__DATA FOR THIS EXERCISE__
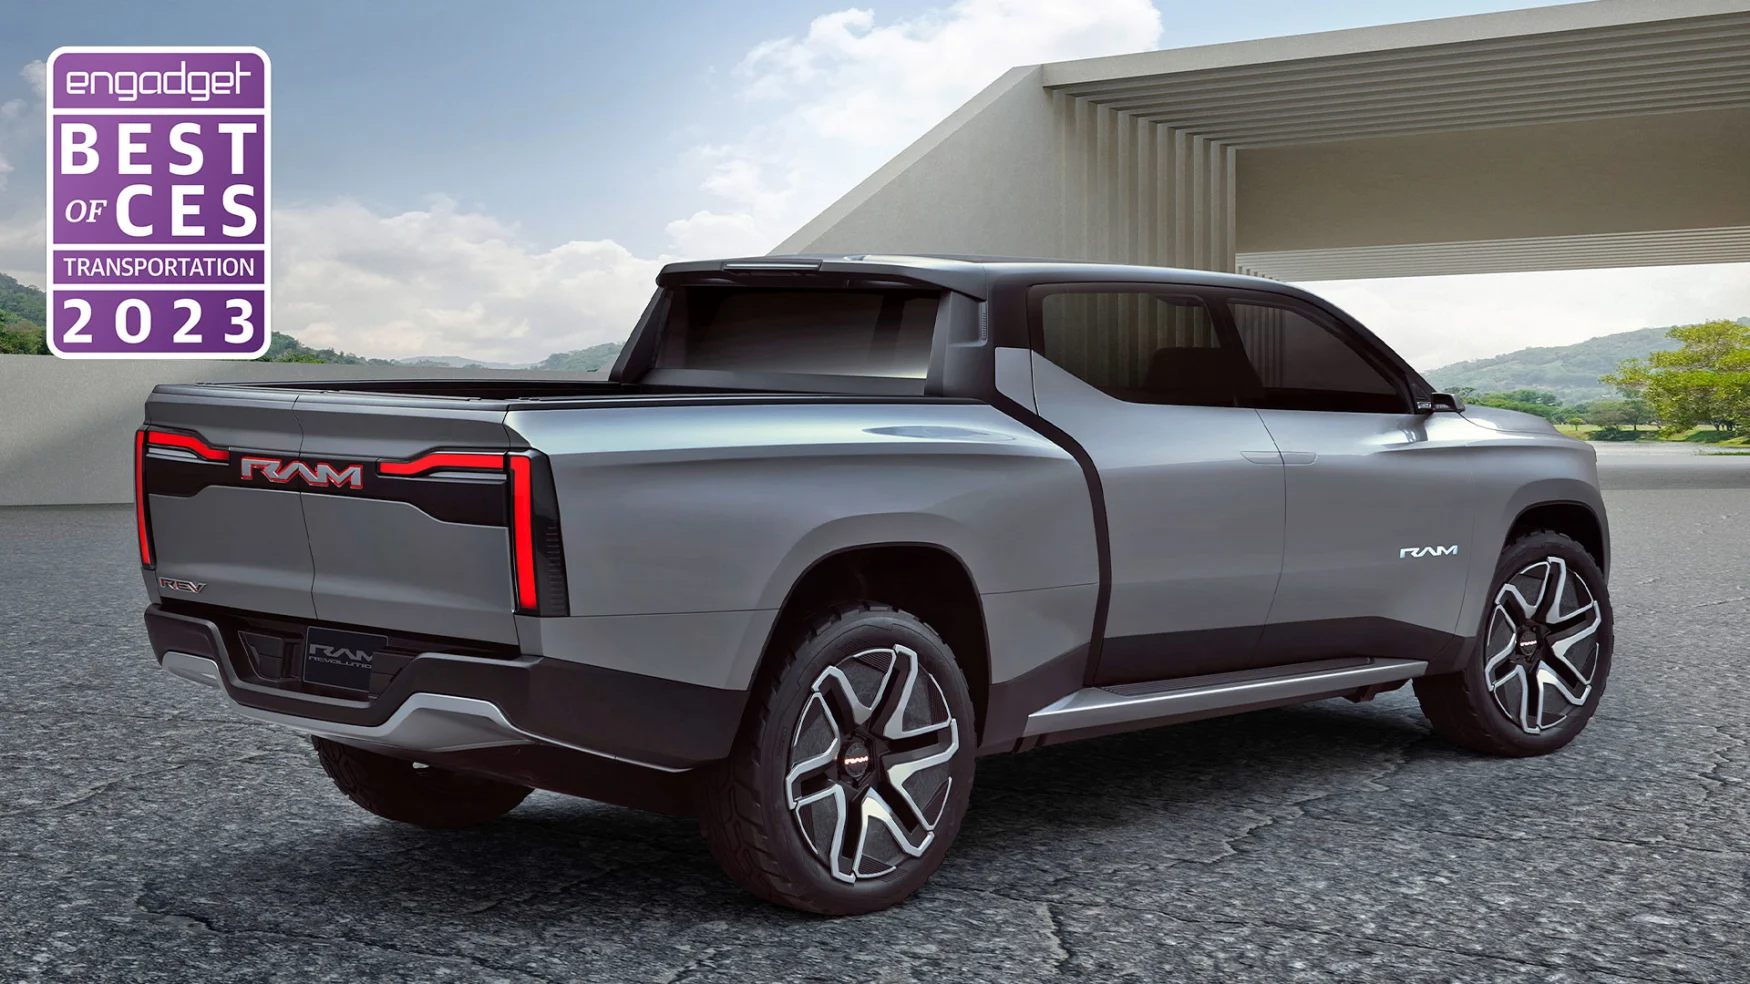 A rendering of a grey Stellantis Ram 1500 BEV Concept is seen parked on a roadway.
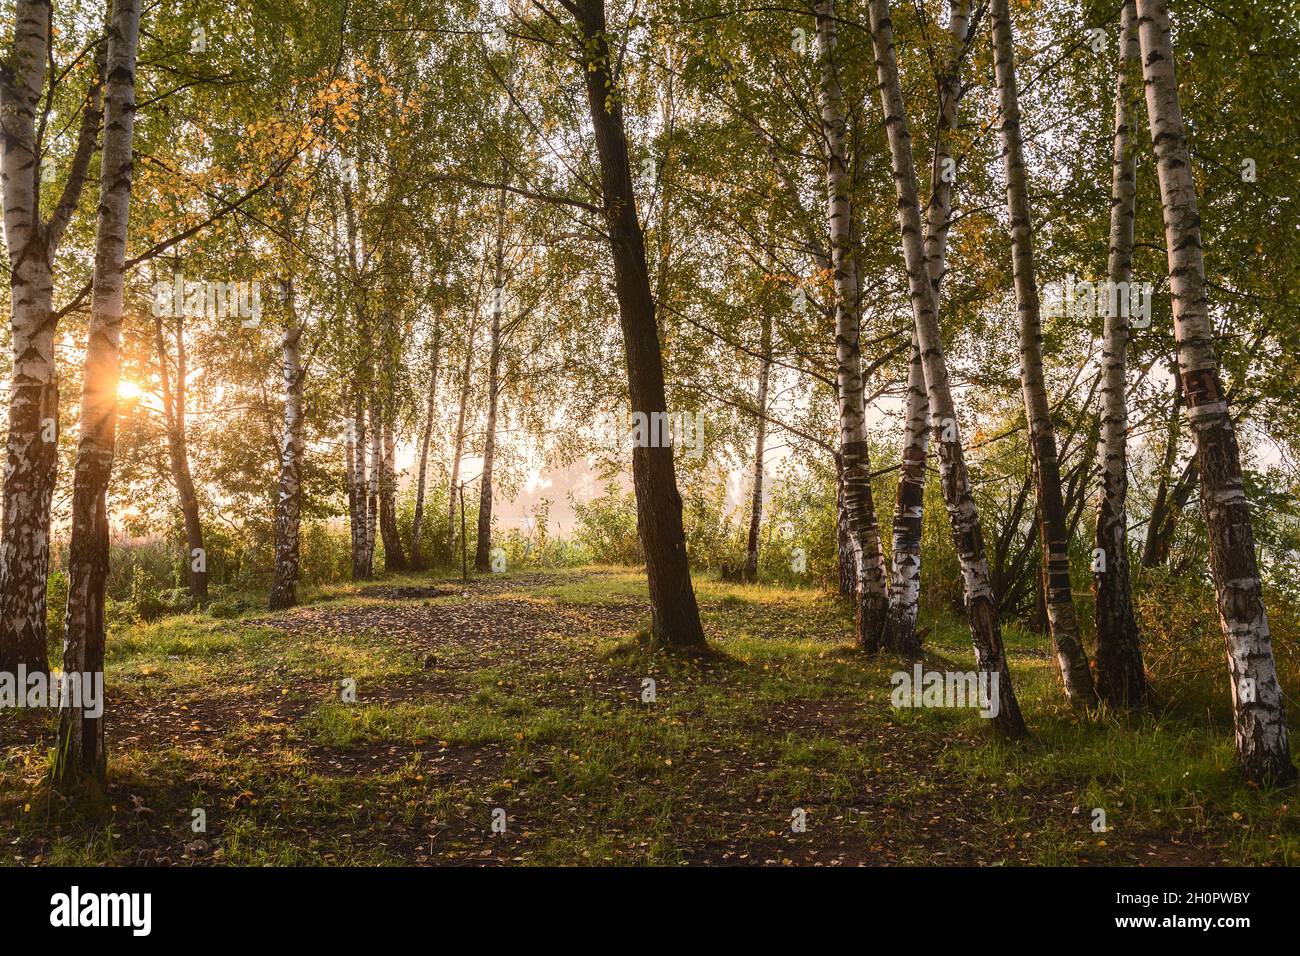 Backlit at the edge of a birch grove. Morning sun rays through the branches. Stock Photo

...

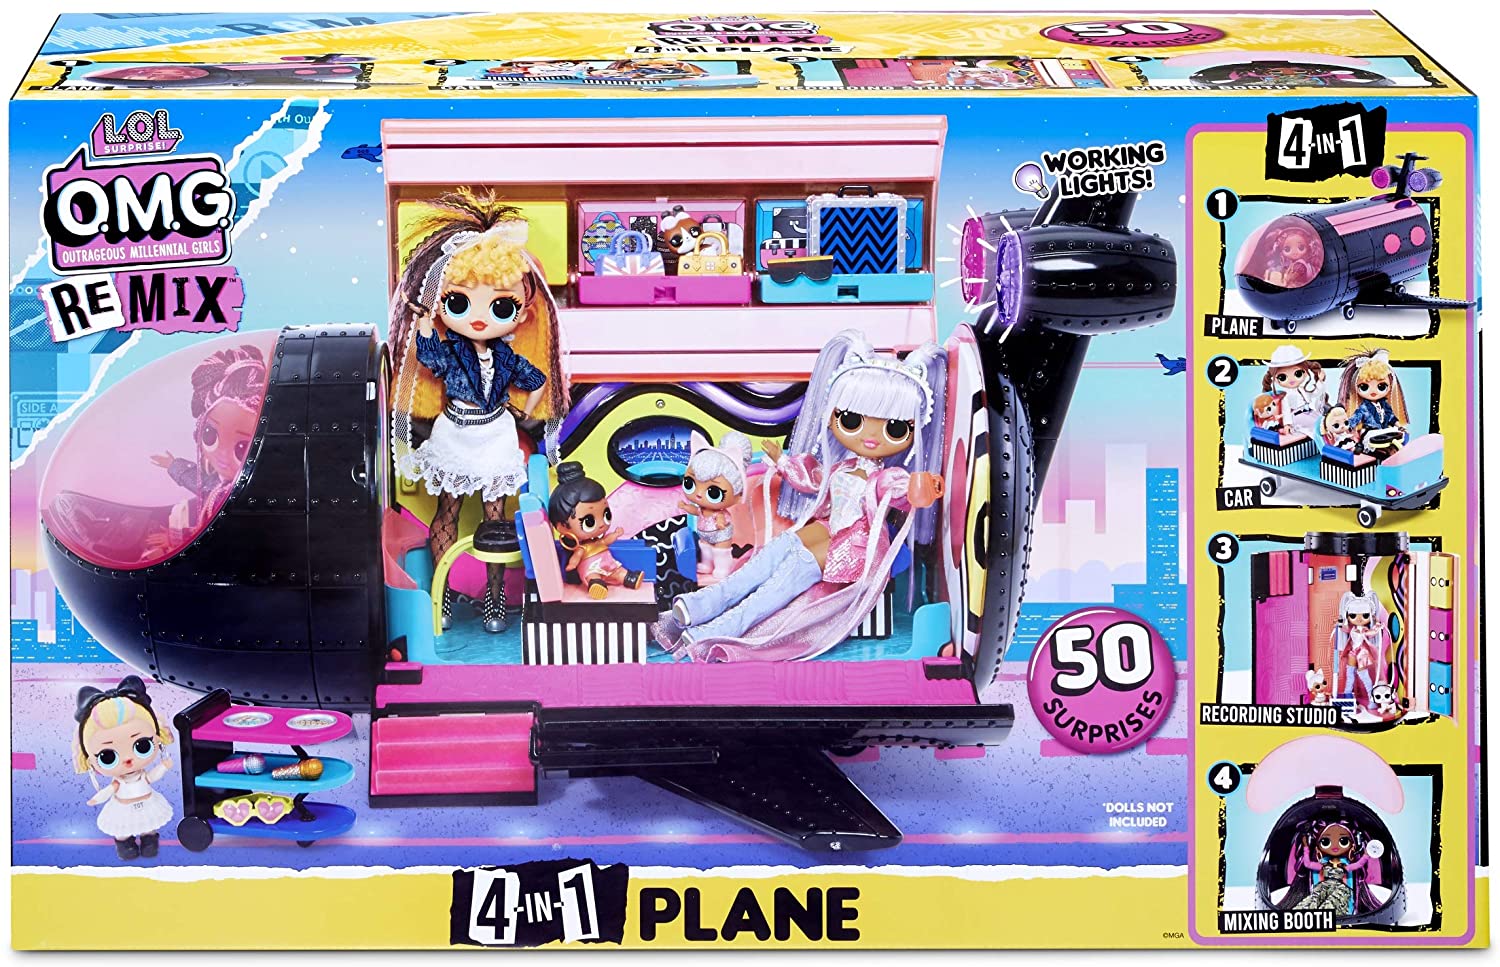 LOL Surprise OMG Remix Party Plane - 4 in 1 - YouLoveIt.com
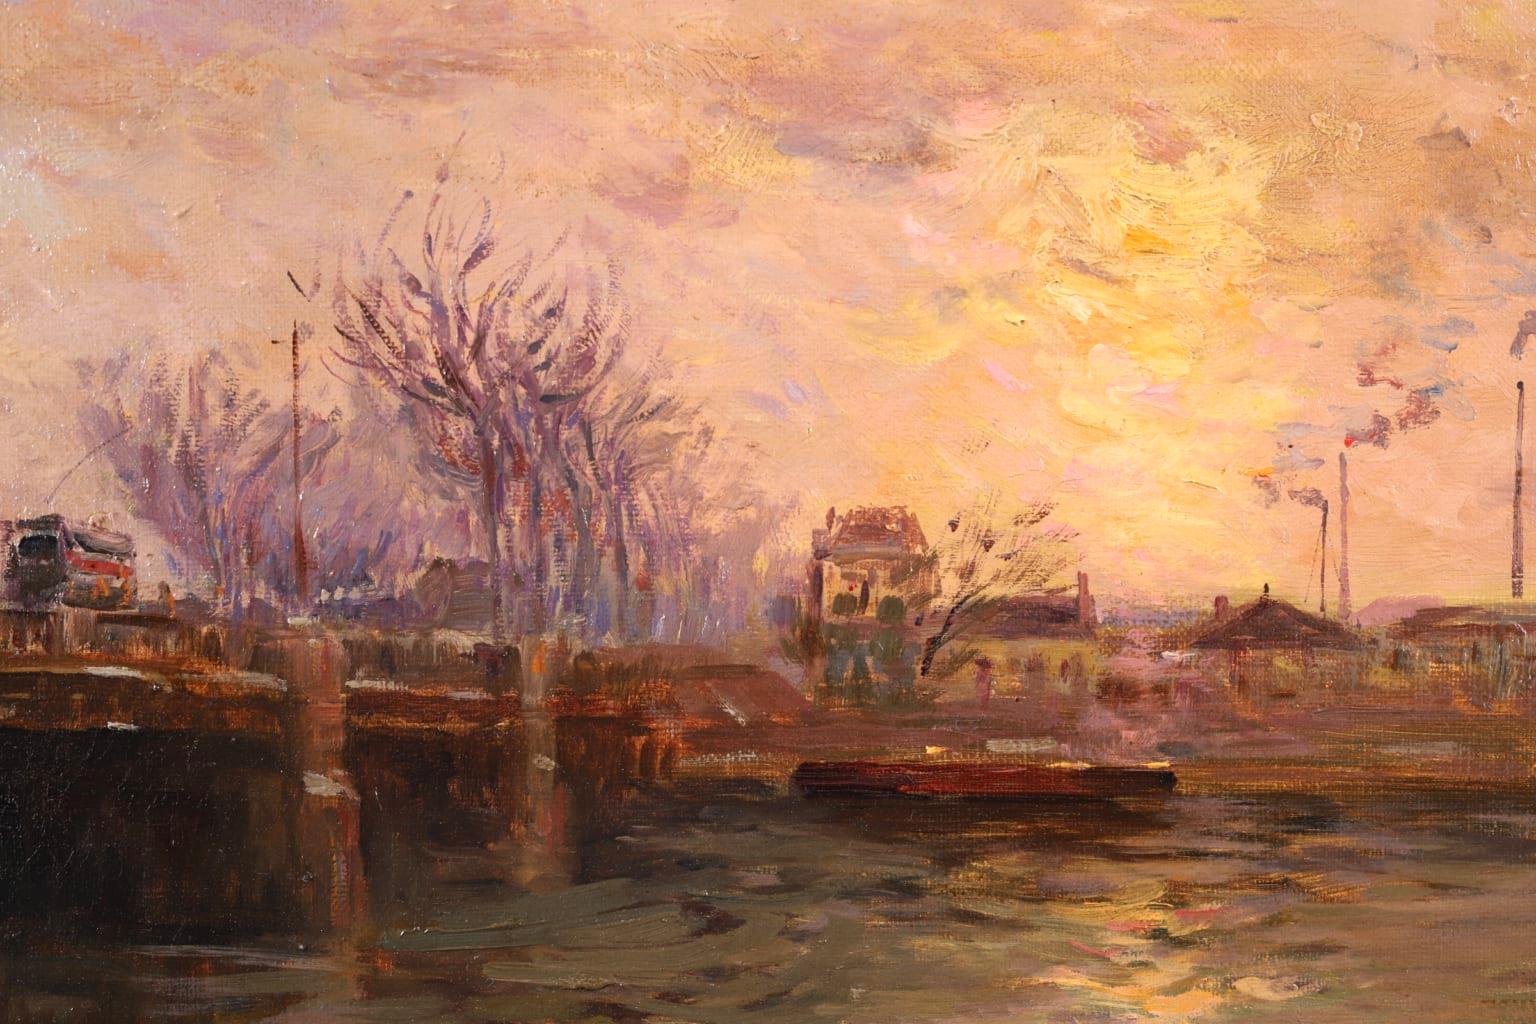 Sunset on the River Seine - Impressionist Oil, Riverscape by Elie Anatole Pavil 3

==

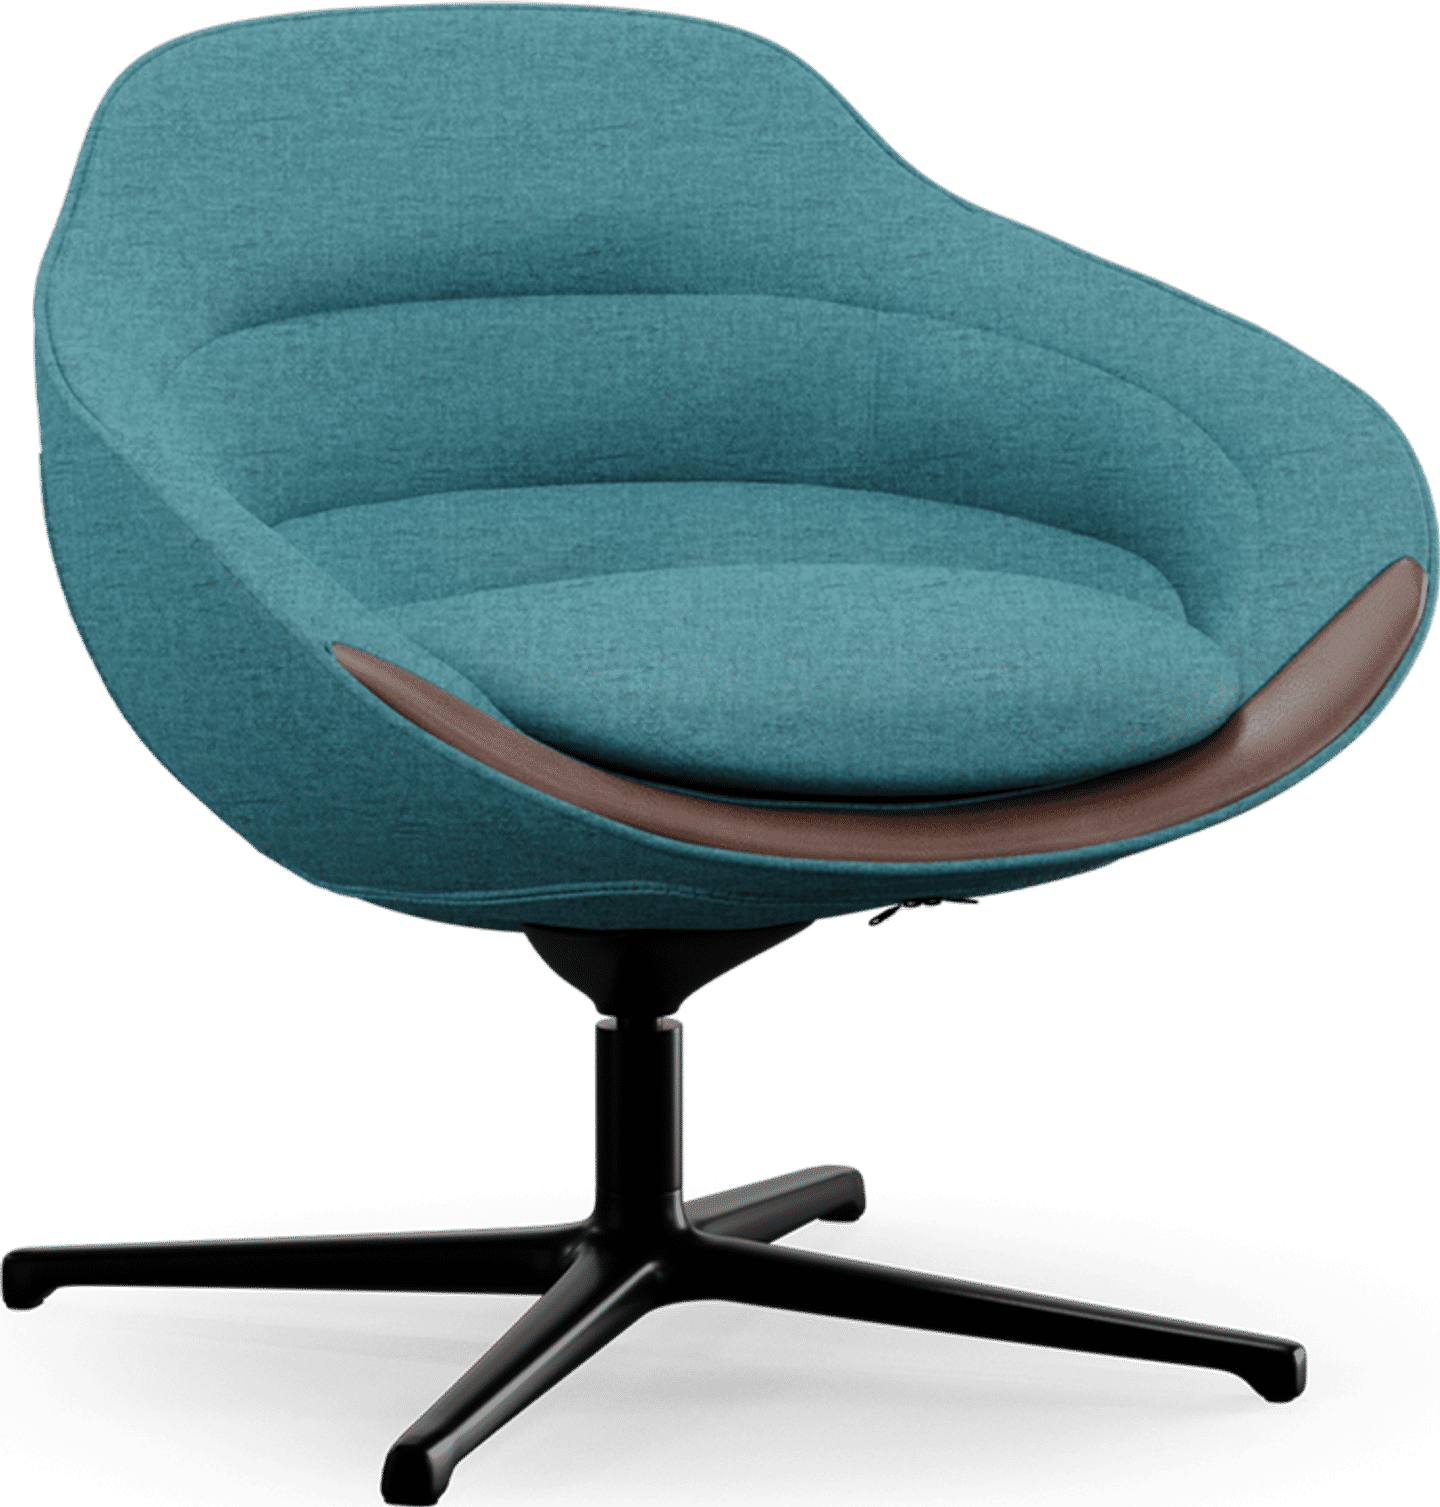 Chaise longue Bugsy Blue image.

__YOUR TASK__
Look above for the line containing "A rendering of" and the line containing "Backlit at the", then reproduce both and everything between them exactly, pictures omitted.

__OUTPUT OF THE TASK__
 A rendering of a grey Stellantis Ram 1500 BEV Concept is seen parked on a roadway.
 Backlit at the edge of a birch grove. Morning sun rays through the branches. Stock Photo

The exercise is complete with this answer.